(Data records)
· · · ·
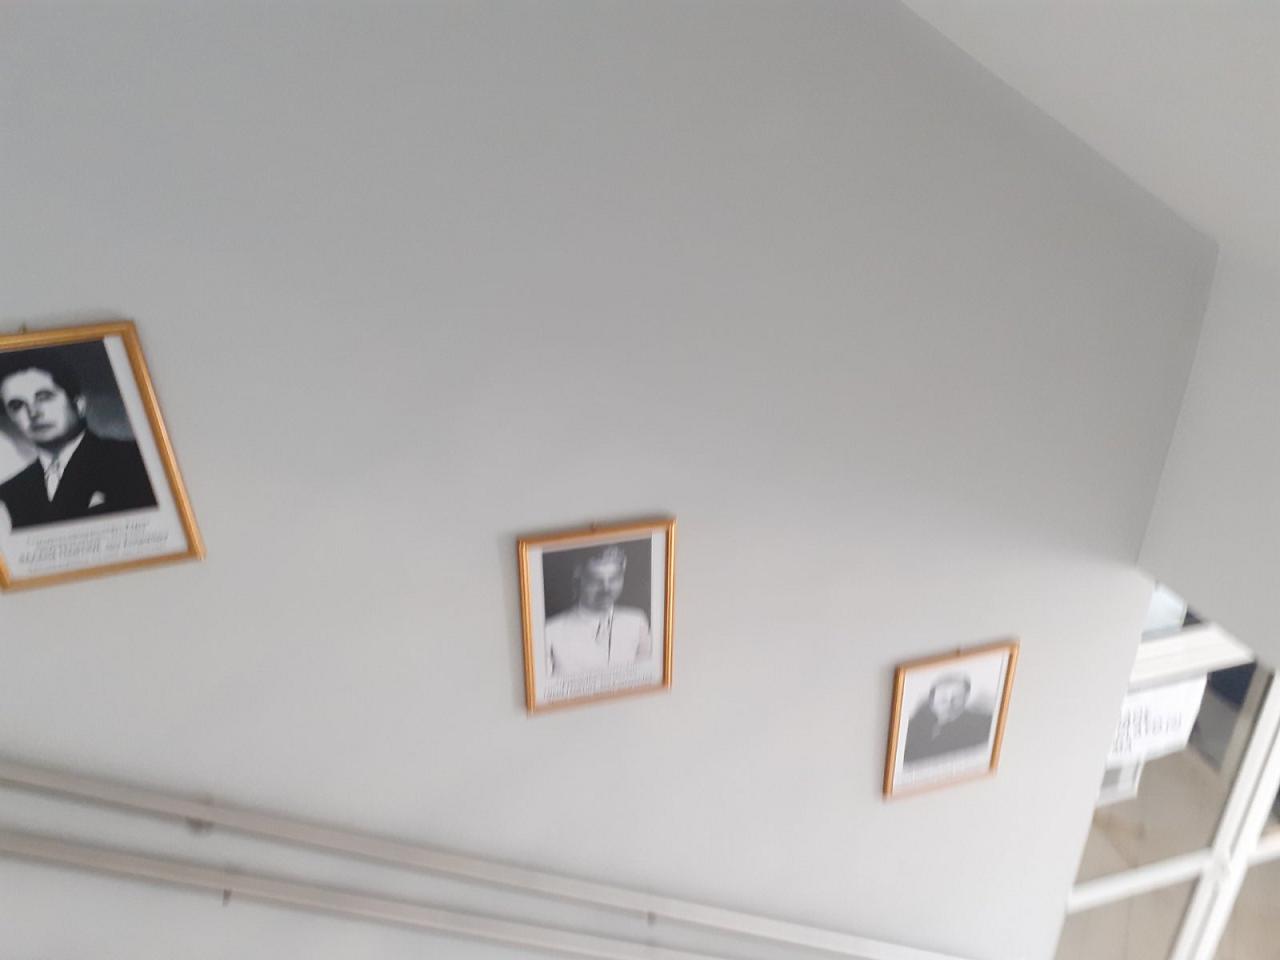 Κάδρα με φωτογραφίες όλων των Δημάρχων από το 1949 μέχρι και το 2014 τοποθέτησε ο Δήμαρχος Γιώργος Ψαθάς στις σκάλες του Δημαρχείου (φωτογραφίες) 5
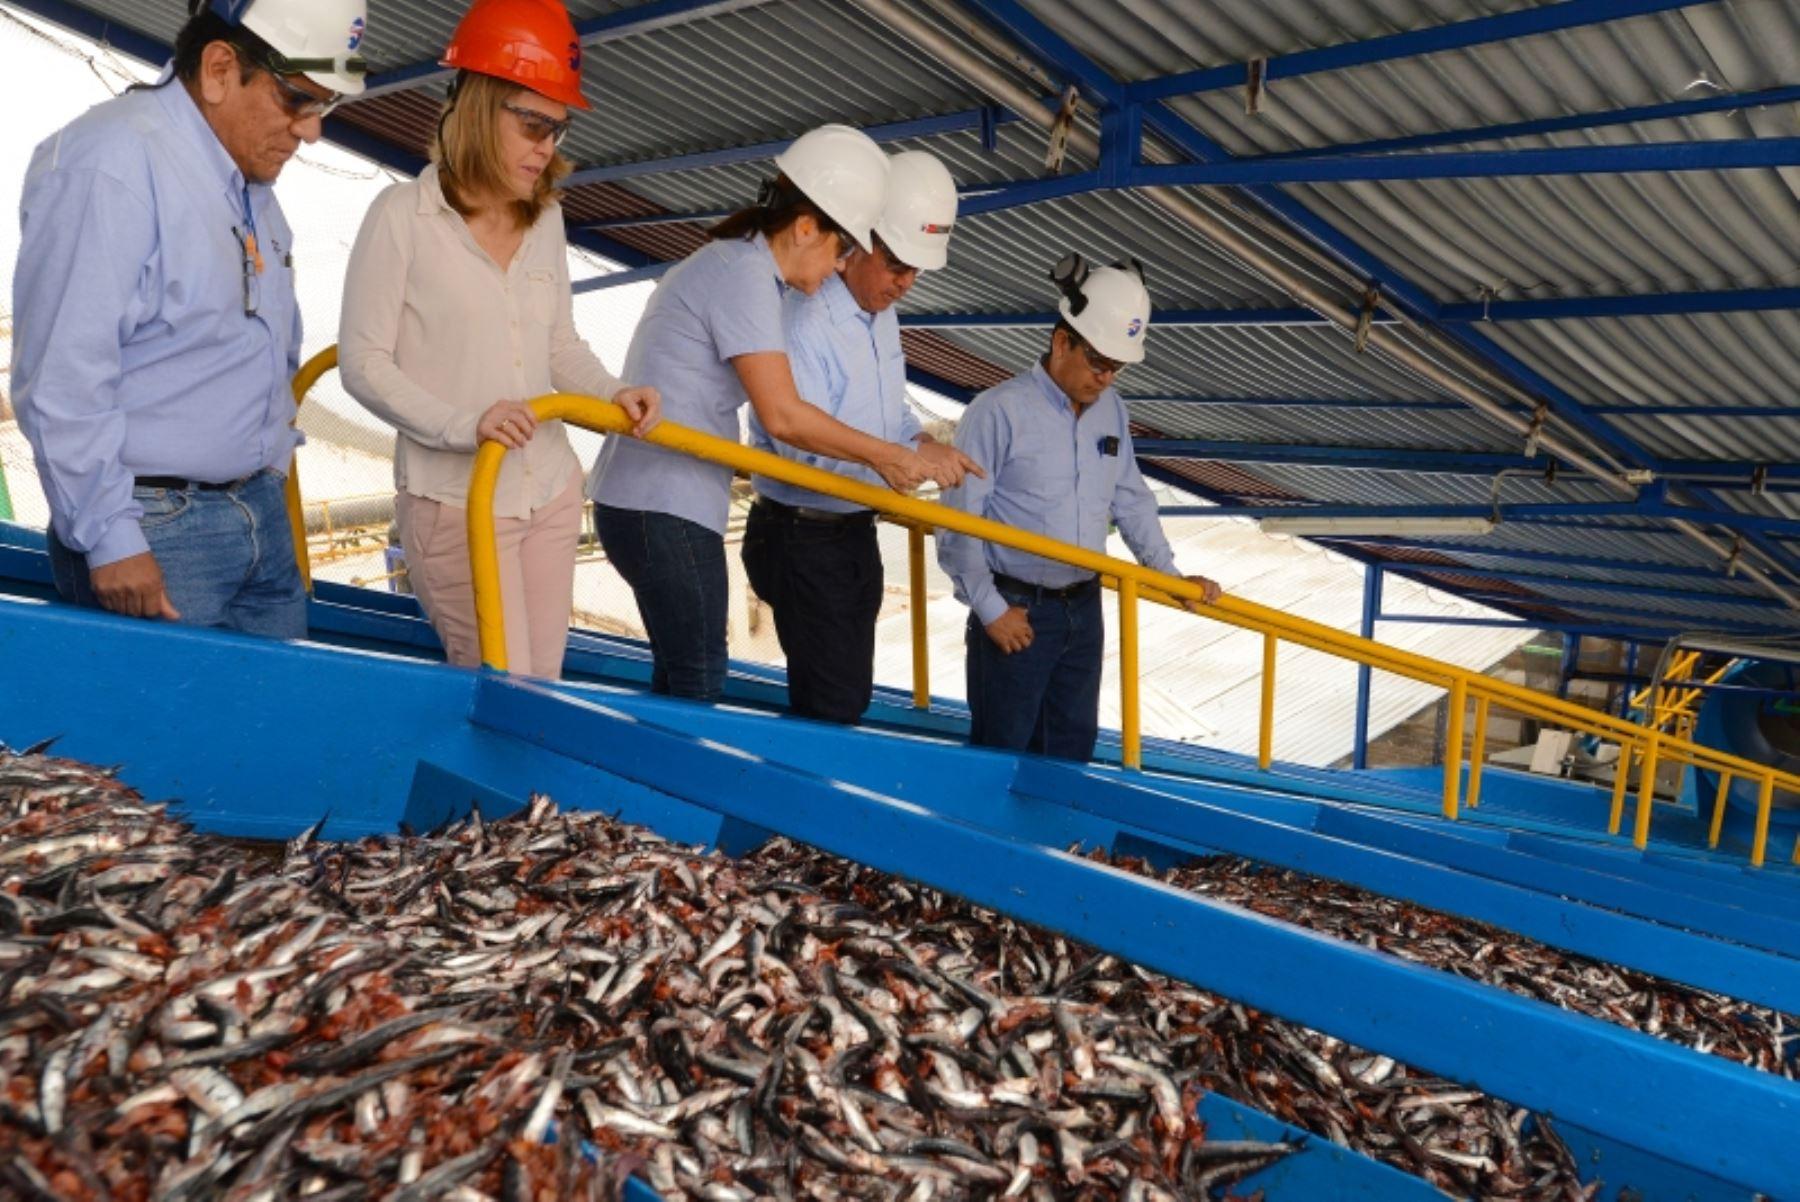 Ministro de la Producción Manuel Pérez-Reyes y la titular de la SNP, Elena Conterno visitan planta pesquera en Pisco. Foto: Cortesía.
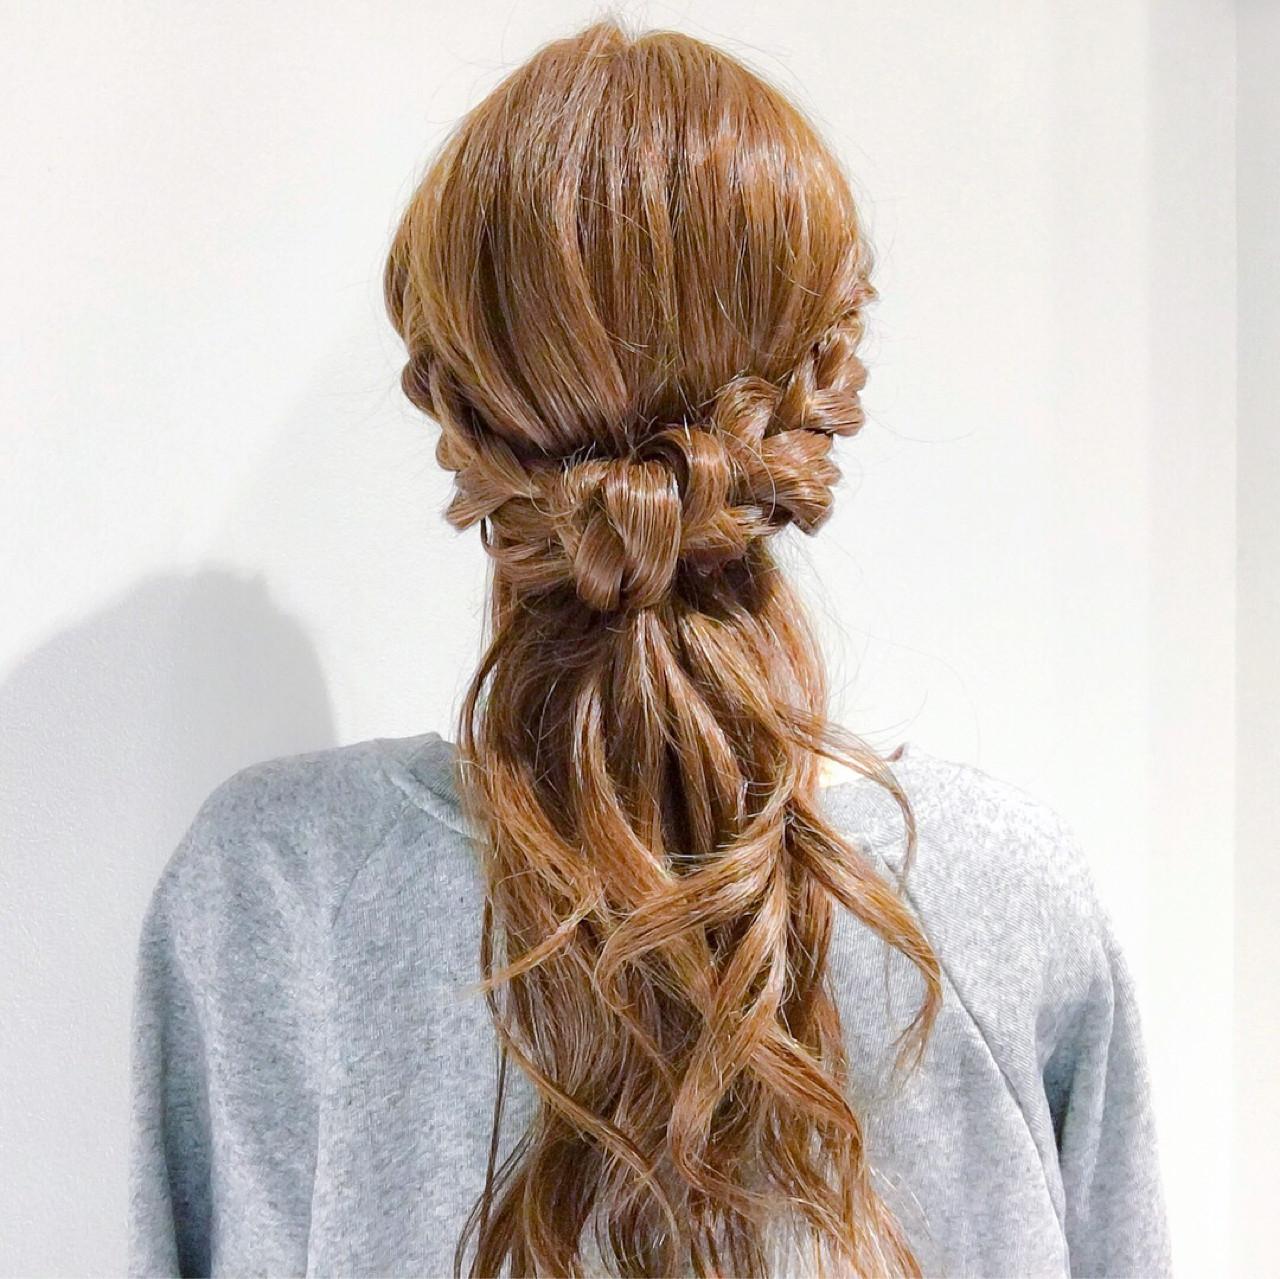 サイド三つ編みでまるで上級テク♡ヘアゴムアレンジ 美容師 HIRO | Amoute/アムティ
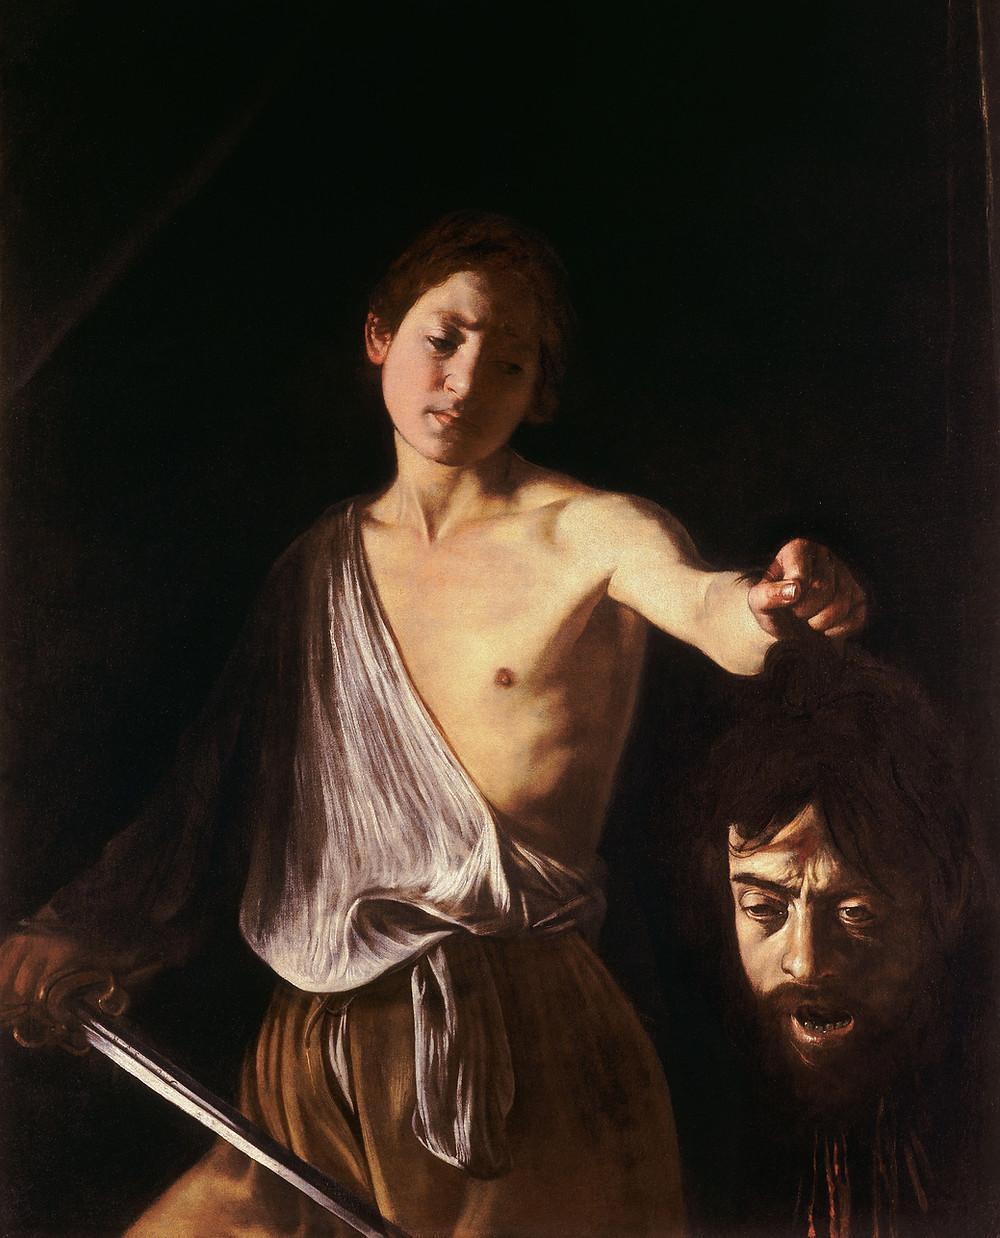 Le Caravage, Rome, analyse, David tenant la tête de Goliath, clair obscur, peinture italienne
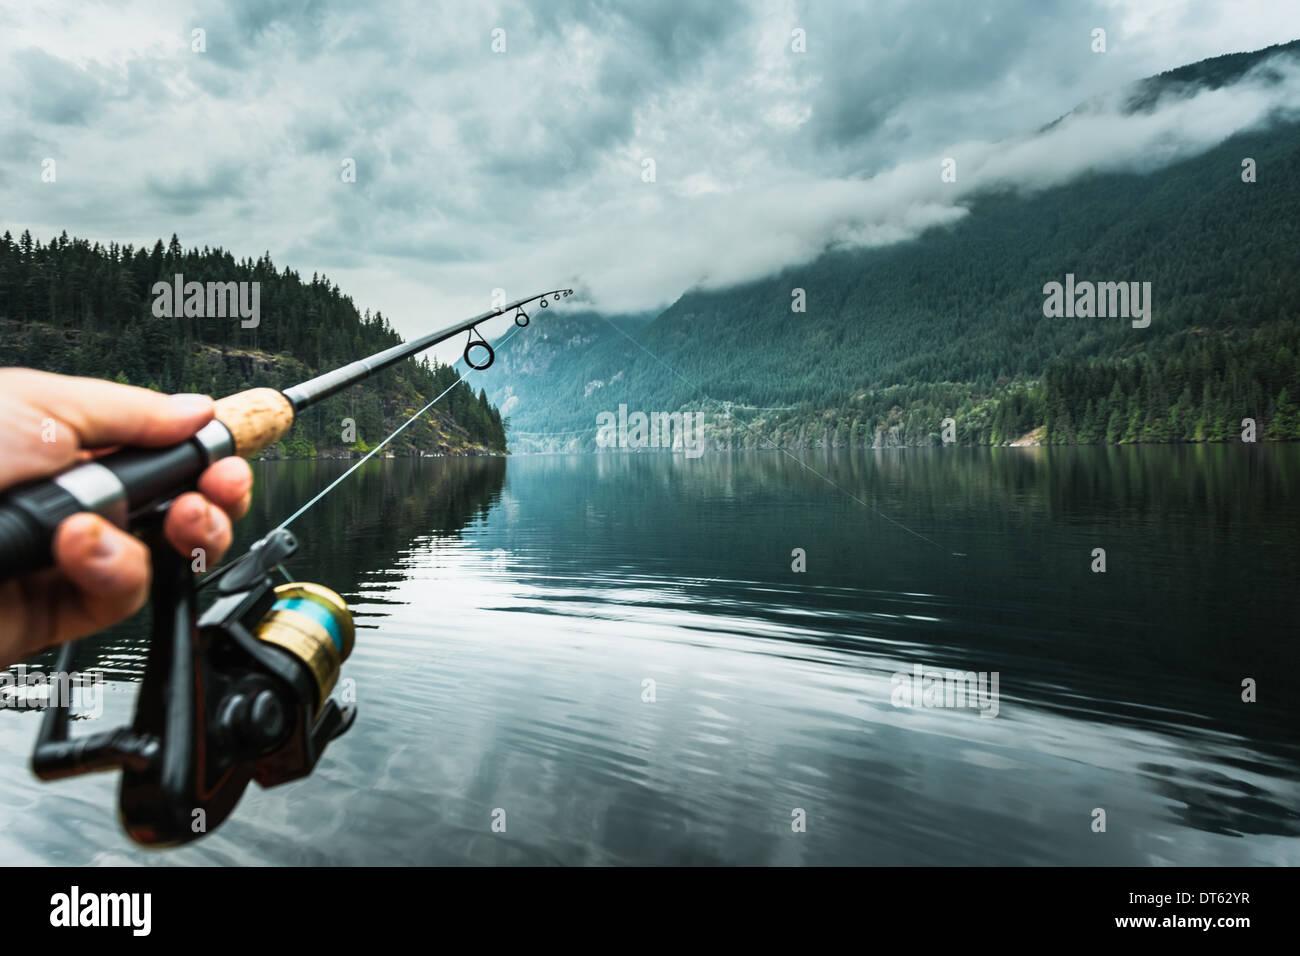 Uomo con canna da pesca close-up, Lago Buntzen, British Columbia, Canada Immagini Stock
· · · ·
■ **Instructions for the task**: Skip all pictures. Copy exactly the lines from the one containing "Ministro de la" through the end of the records, both ends included.

■ **Reply**:
 Ministro de la Producción Manuel Pérez-Reyes y la titular de la SNP, Elena Conterno visitan planta pesquera en Pisco. Foto: Cortesía.
 サイド三つ編みでまるで上級テク♡ヘアゴムアレンジ 美容師 HIRO | Amoute/アムティ
 Le Caravage, Rome, analyse, David tenant la tête de Goliath, clair obscur, peinture italienne
 Uomo con canna da pesca close-up, Lago Buntzen, British Columbia, Canada Immagini Stock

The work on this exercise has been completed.